BY SMRITI IYER
In approximately 500 B.C., The Greek city of Sybaris encouraged inventors to register their creations with a grant of monopoly for one year. Thus began human civilization’s practice of patenting, a system that is now synonymous with free markets.
Now as the world waits with bated breath for a pharmaceutical lab to develop a vaccine for COVID-19, a looming question is how patent regimes, if applied, will affect the availability and pricing of the drug.
Patent regimes were established to fuel innovation. Governments granted monopoly rights to inventors as a powerful incentive to create and innovate. The argument was that inventors could recoup the considerable costs of research and development (R&D) by being the exclusive sellers of the product.

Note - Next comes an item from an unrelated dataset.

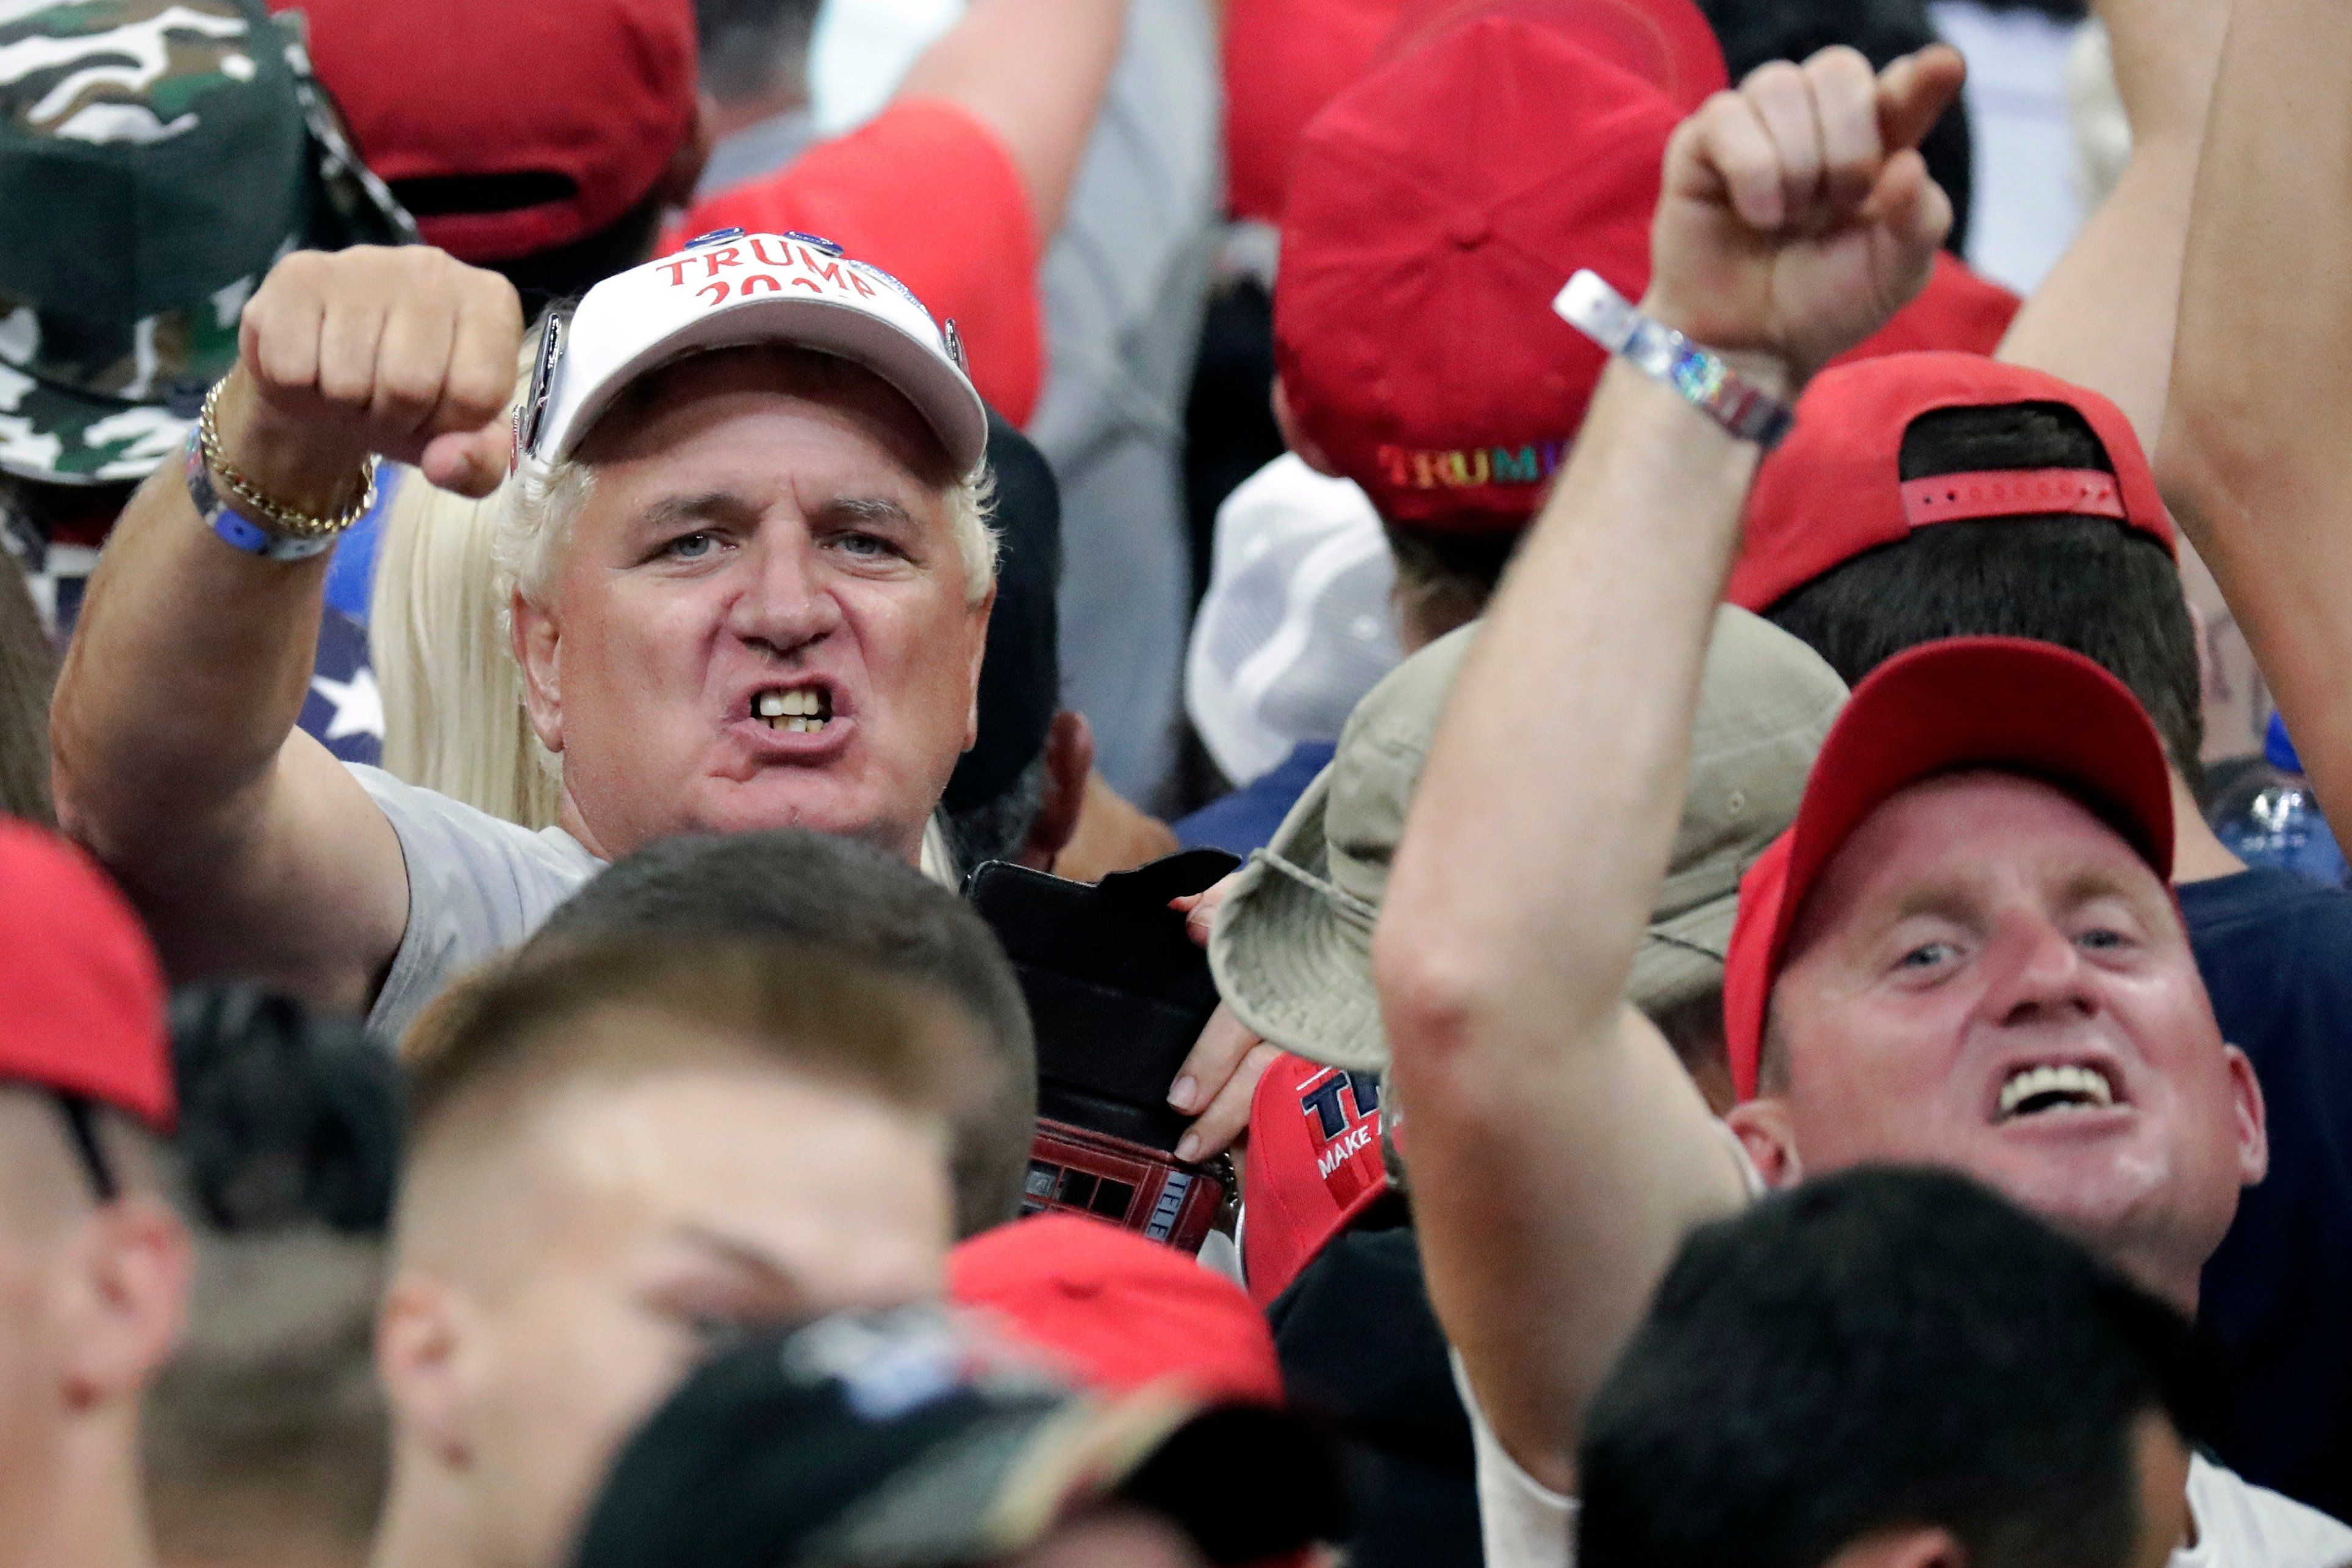 President Donald Trump supporters shake their fists at the media as Trump formally announced his 2020 re-election bid Tuesday, June 18, 2019, in Orlando, Fla

The jury is out on whether patent systems actually enable innovation and whether they improve the alignment between private returns and social good. One of the industries where this alignment is pivotal, especially today, is the pharmaceutical sector.
If the previous AIDS crisis is any indicator of how pharmaceuticals are likely to respond, one can expect exorbitantly high prices, followed by fierce legal battles launched against governments of developing nations.
In the late nineties in South Africa, the number of deaths due to AIDS had reached 100,000. Under Nelson Mandela, the government altered a law in order to bypass the patent system, which was costing $10,000 per patient per year, and import lower cost medicine. Hell hath no fury like Big Pharma threatened. Fearing that more developing countries would follow suit on other patents related to drugs that concerned public health, thirty-nine international drug companies, backed by the US government, sued South Africa. As they waged this battle under the aegis of the international trade agreement (TRIPS), 24 million people got sicker with no foreseeable access to affordable medicine.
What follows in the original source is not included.